Likelihood Generation: We utilize the fundamental property of the ESM (Masked Language Modeling) to calculate amino acid probabilities based on the sequence context.
Attention Mechanism: These data points are processed as Queries (Q), Keys (K), and Values (V). This generates an Attention Matrix, where vectors for each amino acid indicate the relevance and position of other residues in the chain.
Structural Extraction (Simple ESM): The raw attention matrix is symmetrized to ensure physically plausible distances and refined using Average Product Correction (APC) to eliminate correlation noise. Through regression, a 2D contact map is obtained.
Model Optimization: This map is compared against structural databases (like the PDB) to adjust the model. This feedback loop updates the model’s weights, maximizing the log-likelihood of real-world protein structures found in nature.

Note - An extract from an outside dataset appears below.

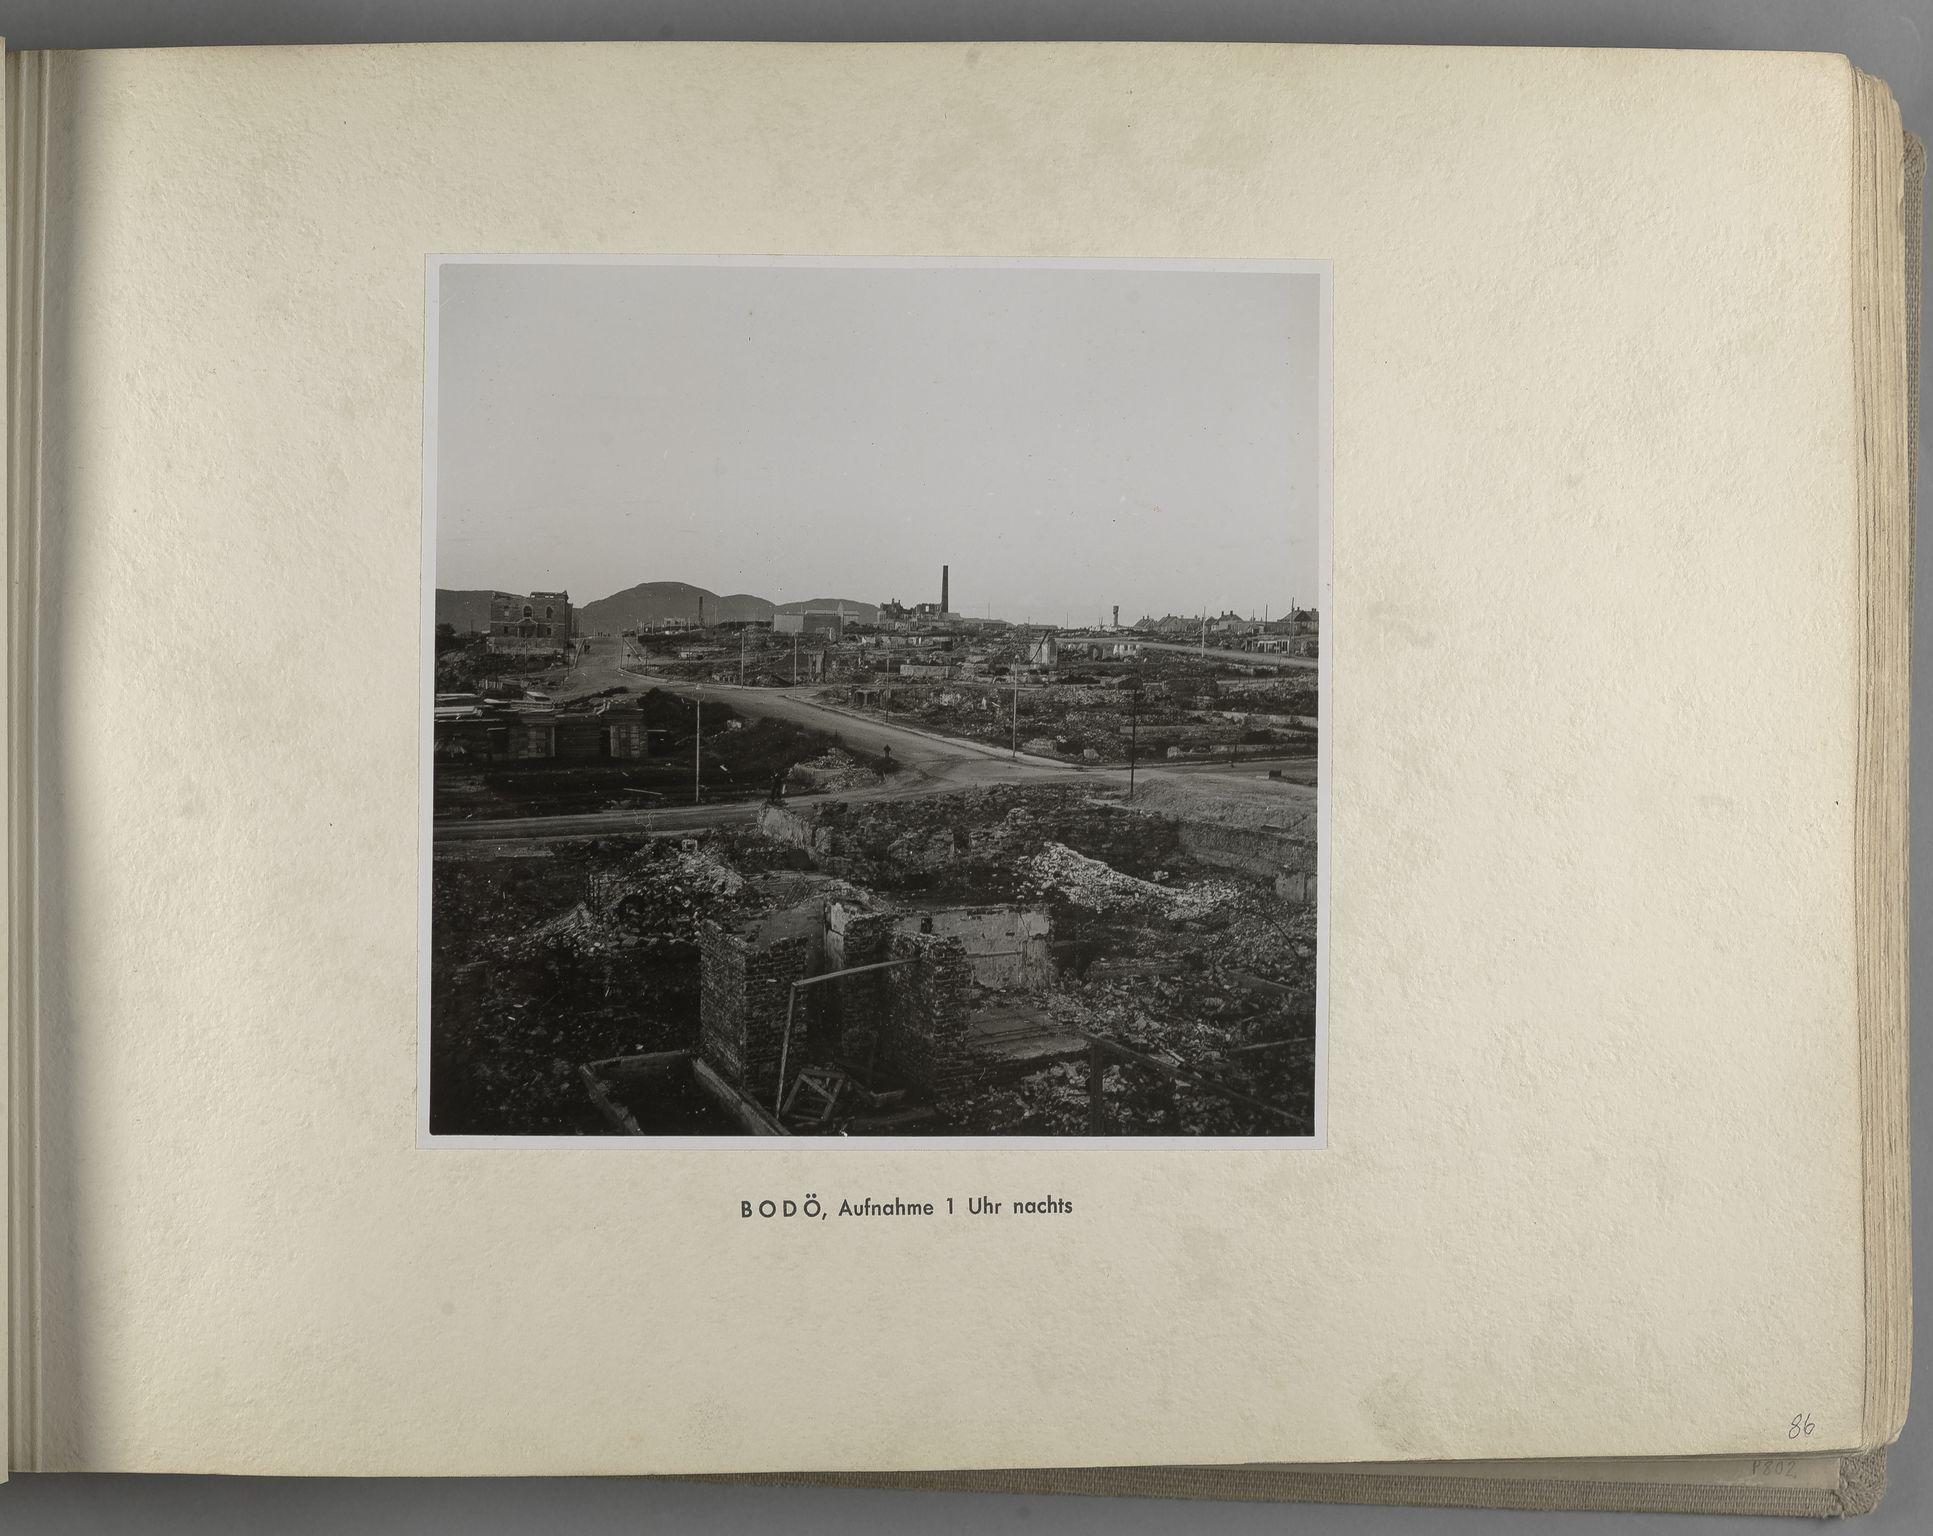 RA, Tyske arkiver, Reichskommissariat, Bildarchiv, U/L0071: Fotoalbum: Mit dem Reichskommissar nach Nordnorwegen und Finnland 10. bis 27. Juli 1942, 1942, s. 33

Enrichment via MLP: In parallel, the correlation vectors from the attention matrix are processed by a Multi-Layer Perceptron (MLP). This generates enriched vectors that describe the physicochemical implications of the attention data.
3D Prediction (ESM-2/ESMFold): In the ESM-2 architecture, these MLP-enriched vectors are fed into a “Folding Trunk” module. This module applies learned rules to predict the 3D structure, including bond angles and atomic coordinates.